• **WORK REQUIRED**
When you copy from the entries that follow, take only the lines from the one with "Hagyományos konferencia helyett online" down to the one with "Glaseado de Vinagre", keeping both ends and dropping every picture.

• **DATA FOR THIS EXERCISE**
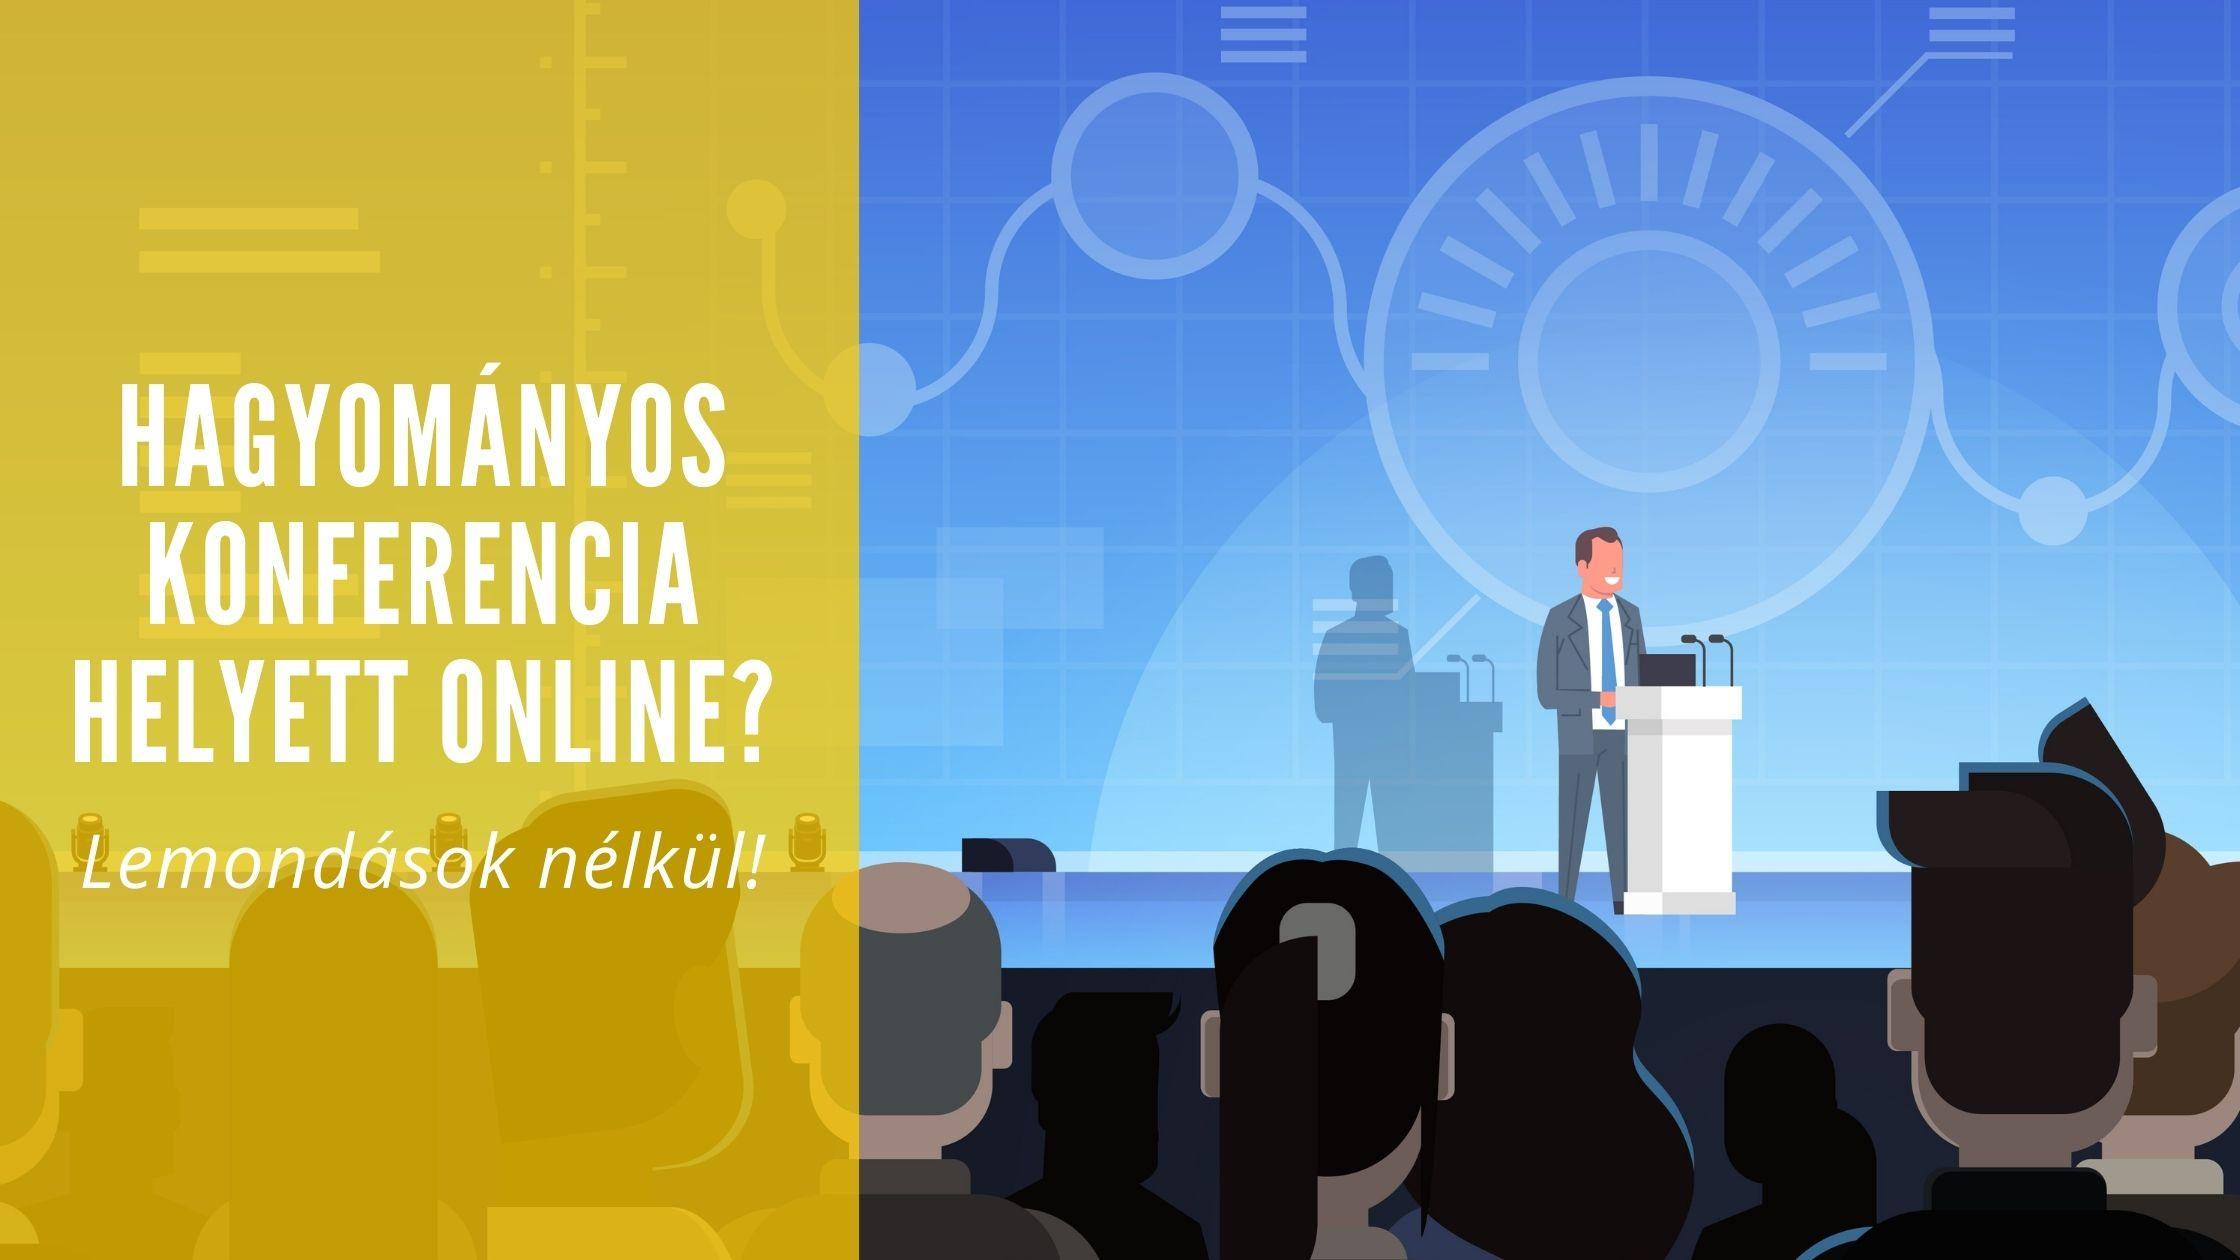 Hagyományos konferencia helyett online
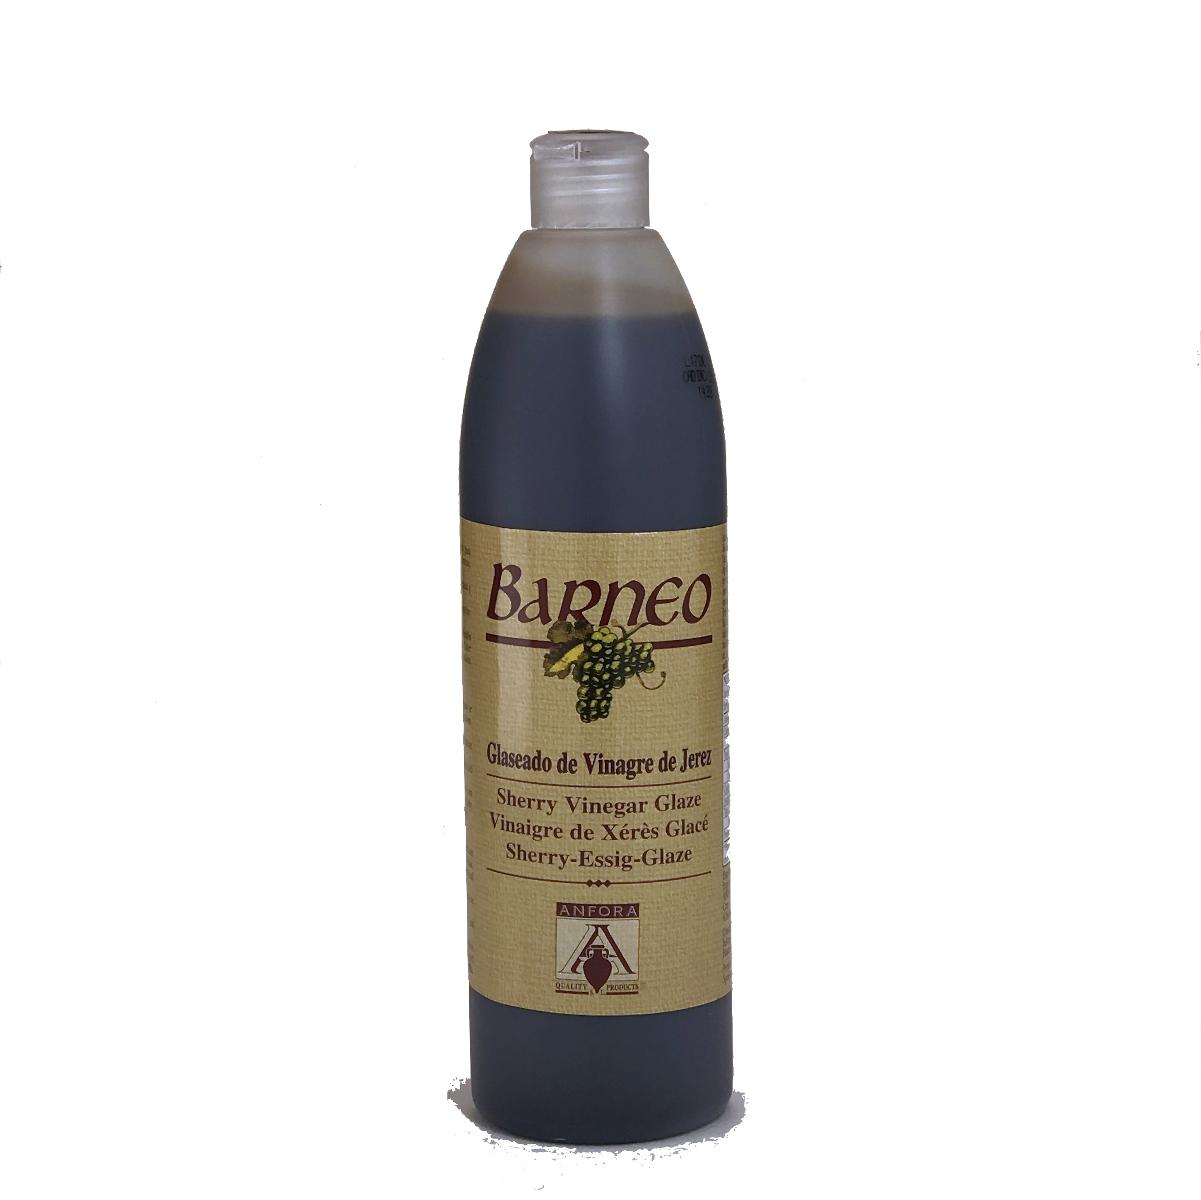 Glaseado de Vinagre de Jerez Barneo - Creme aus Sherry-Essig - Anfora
---
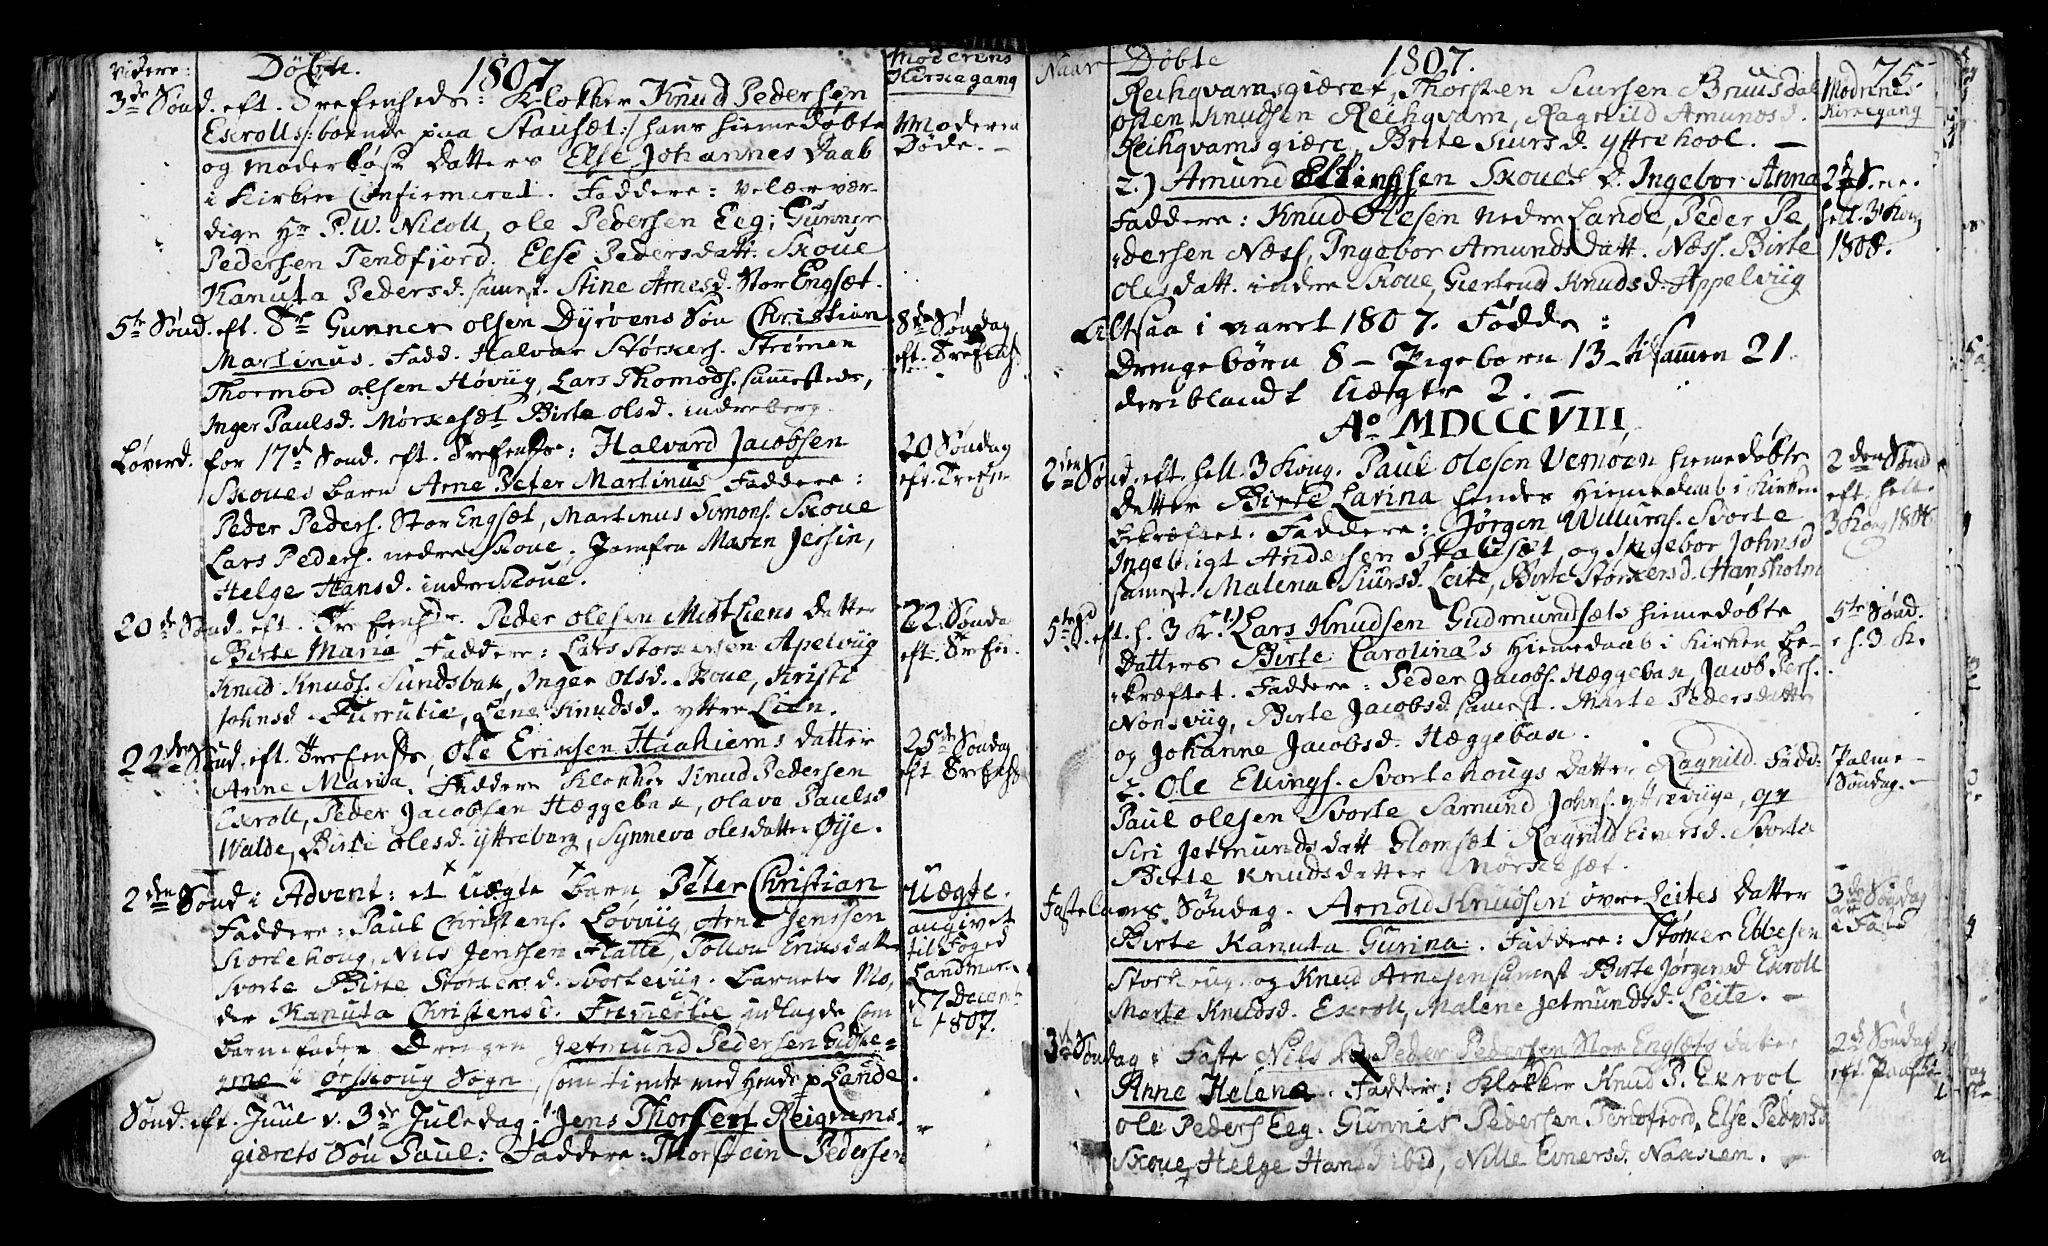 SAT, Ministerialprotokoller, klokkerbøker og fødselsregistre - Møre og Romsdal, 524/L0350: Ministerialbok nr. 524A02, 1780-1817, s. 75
* * *
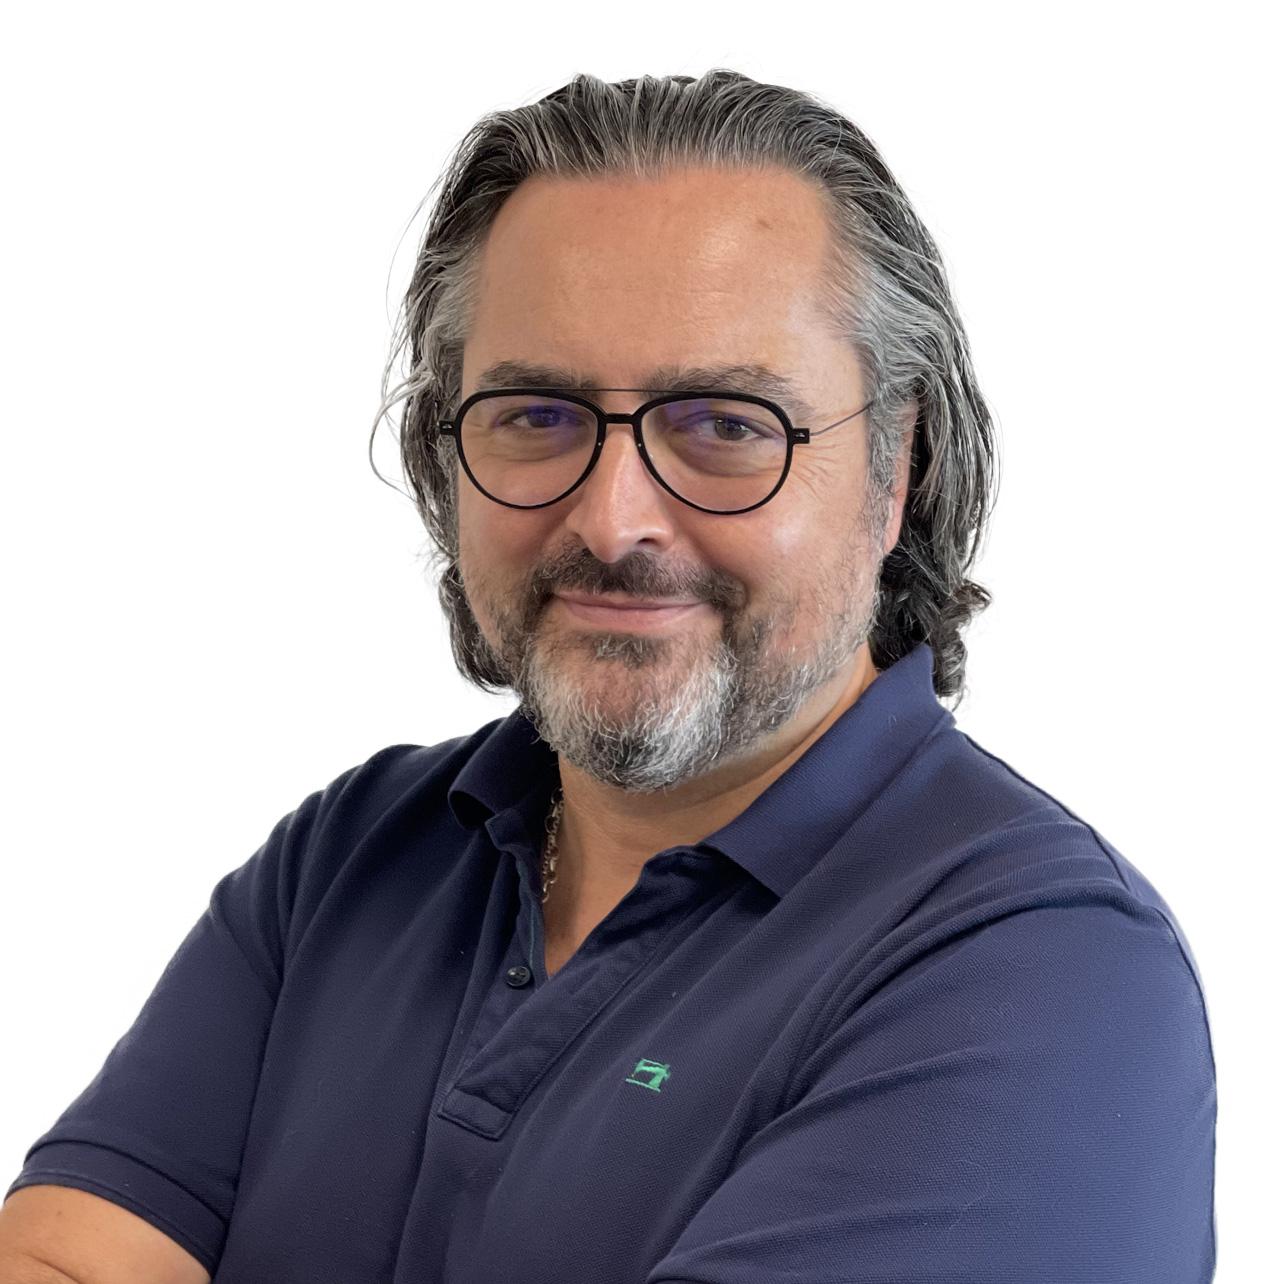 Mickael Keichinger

• **RESPONSE TO THIS TASK**
 Hagyományos konferencia helyett online
 Glaseado de Vinagre de Jerez Barneo - Creme aus Sherry-Essig - Anfora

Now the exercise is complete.